— Это ты-то заботишься о детях?! — вышел из себя Адиль. — Да тебе, кроме этой дряни — опиума, ничего не нужно.
— Хоть я и наркоман, бей, но тоже человек и люблю своих детей.
— Нет, неправда, — возразил Адиль. — Человек, который бросает работу и дом ради… Сколько раз я тебе говорил, бери пример с меня. Я инженер, работаю день и ночь, и на государственной службе, и в компании. Сил не жалею ради лишнего пиастра. Почему? Ведь я даже машины себе не купил, чтобы не мучиться на этом проклятом городском транспорте! Все потому, что хочу скопить побольше, обеспечить будущее сына. Он еще маленький, ходит в детский сад, да, но человек должен думать о будущем, дядя Халиль. Кто знает, что случится завтра. Сначала человек должен обеспечить будущее, а потом уже думать об удовольствиях. Почему ты не внемлешь доводам разума, дядя Халиль?

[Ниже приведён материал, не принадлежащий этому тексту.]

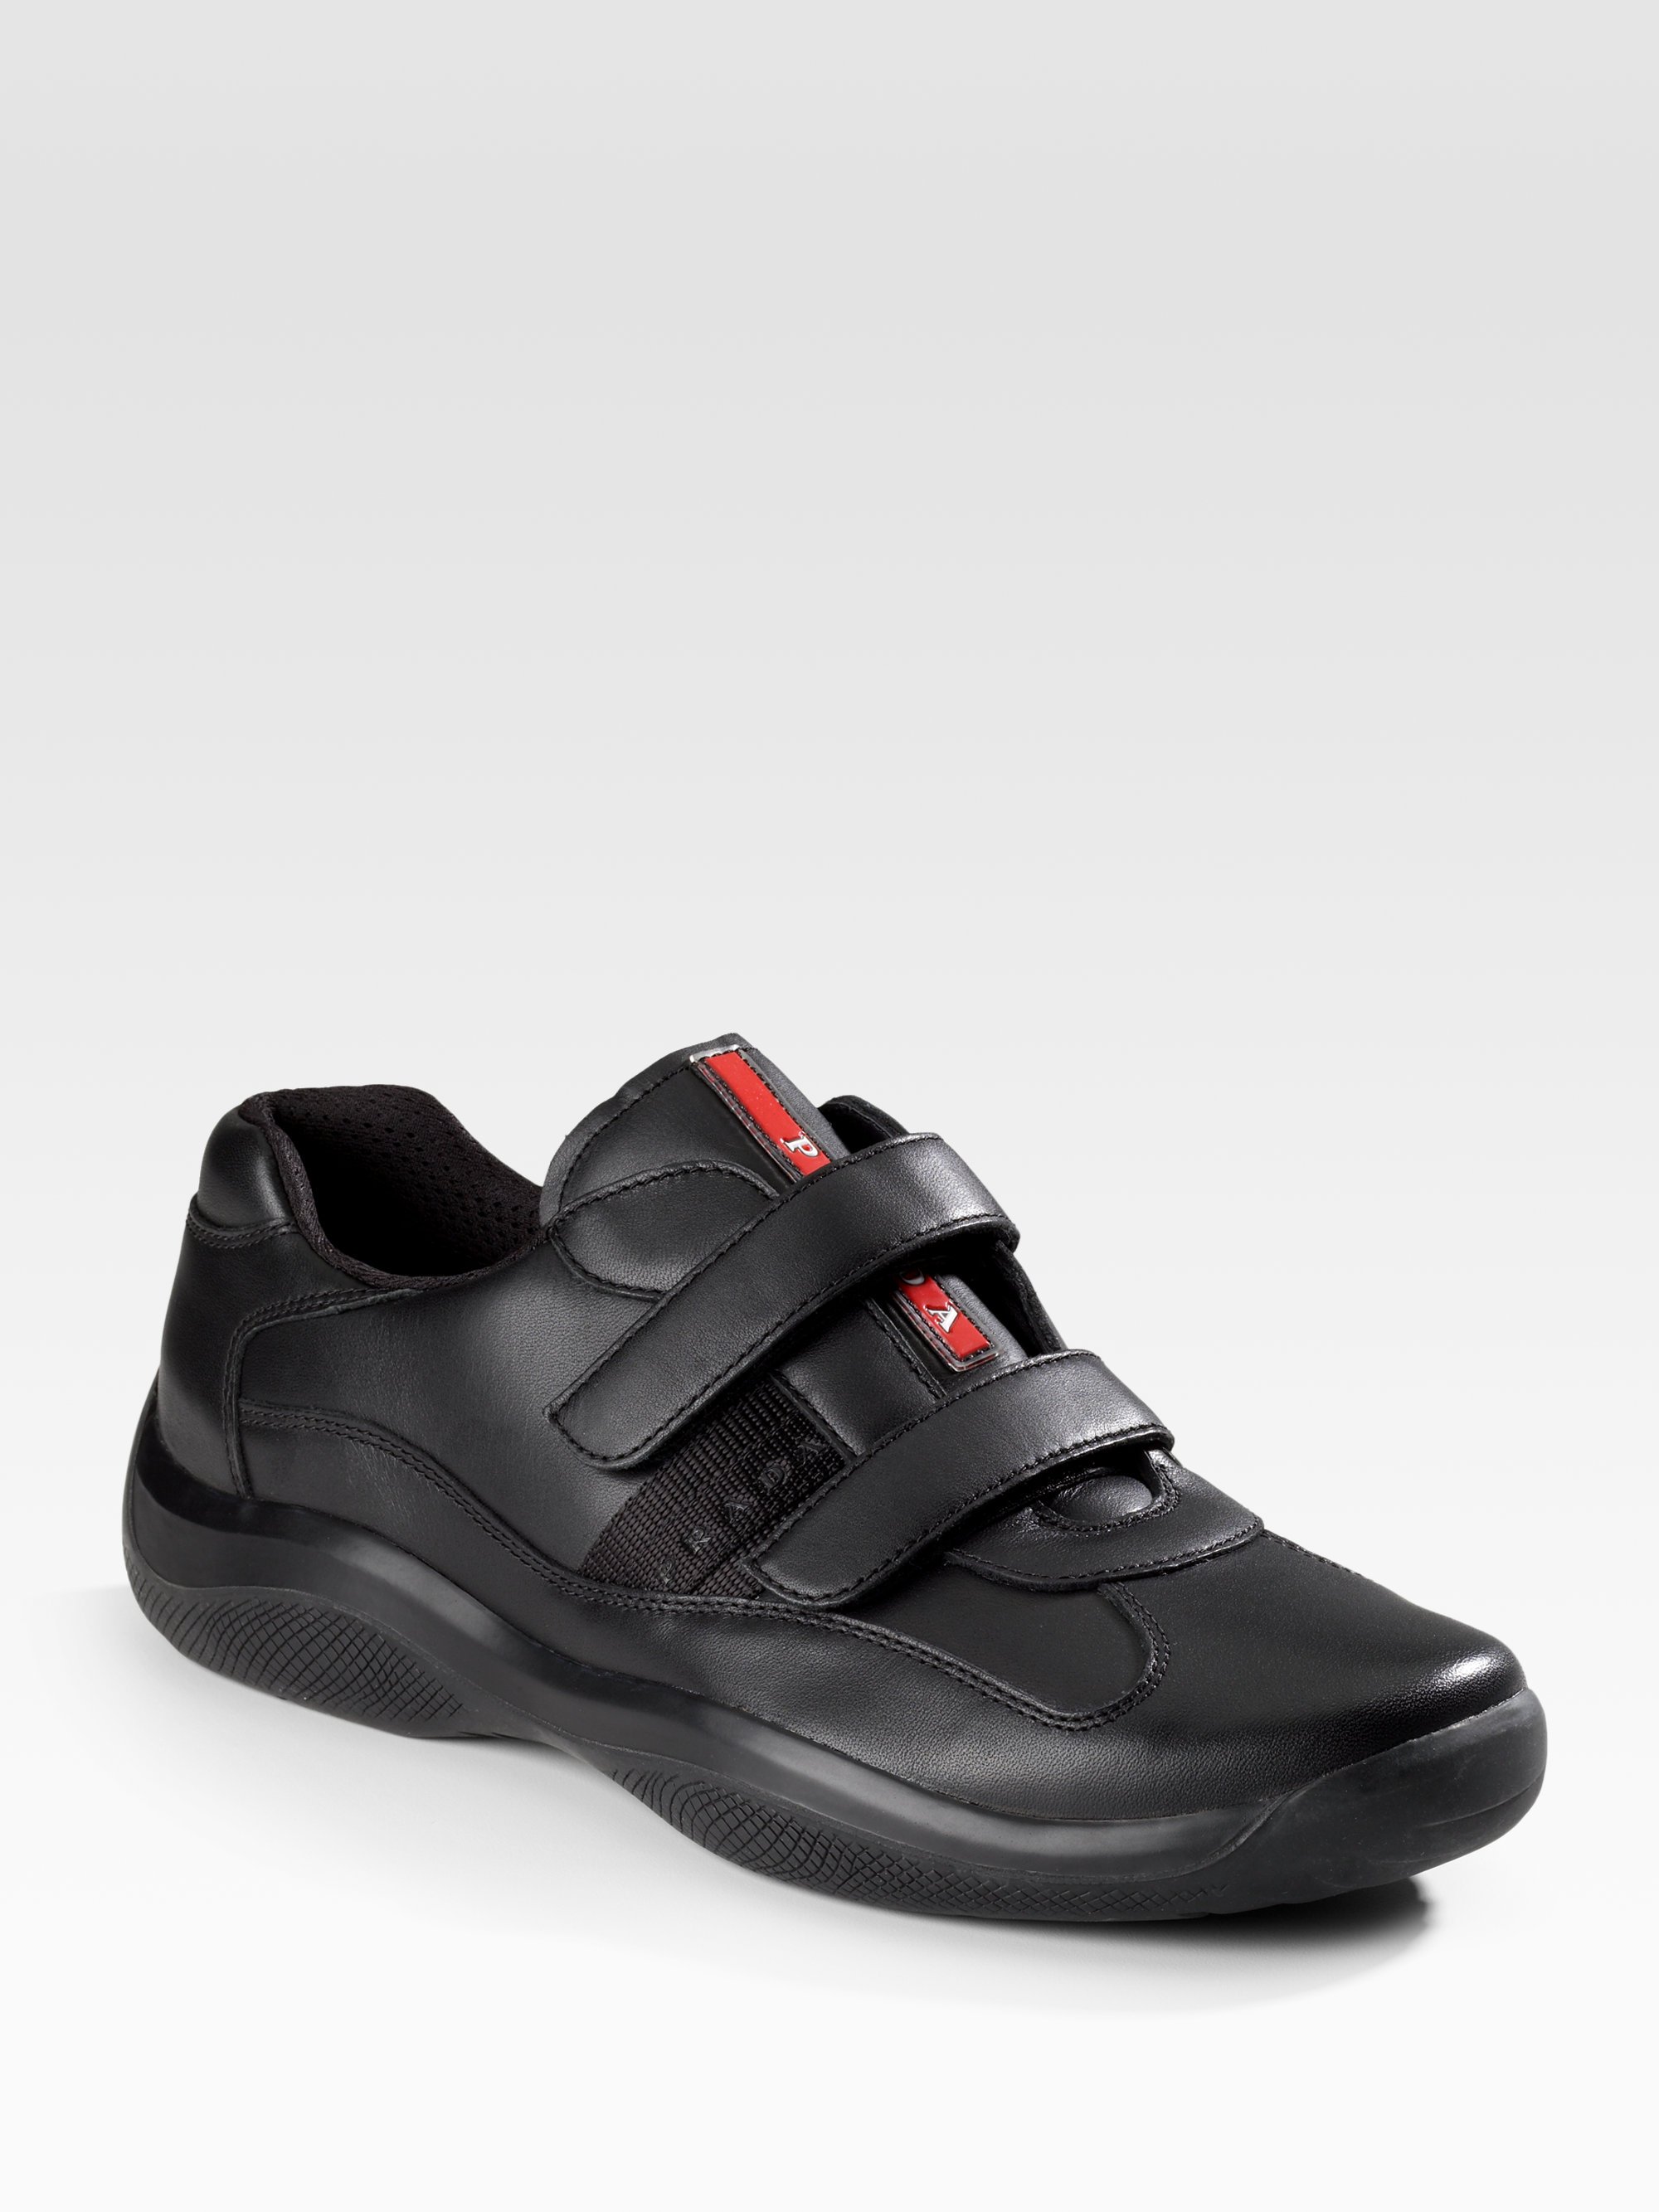 Prada Double-strap Sneakers in Black for Men - Lyst

Посмотри на людей вокруг. Посмотри на меня.
Старик слушал слова юноши, согласно кивая головой, но бегающий взгляд его свидетельствовал о том, что он не следит за их смыслом. Когда инженер наконец замолчал, Халиль сказал:
— Все правильно, эфенди, все так. Я ведь уже говорил тебе, что господь наш исцелил меня (при этих словах он коротко засмеялся). Ты был вот такой маленький, когда приходил ко мне купить газету для папы. «Дядя Халиль, дай „Аль-Ахрам”!» Помнишь?
Он снова, уже который раз, схватил инженера за руку.
— Пожалей меня, бей. Целую твои руки.
Инженер отдернул руку, резко сказал:
— Ну, хватит, я сыт по горло твоими разговорами!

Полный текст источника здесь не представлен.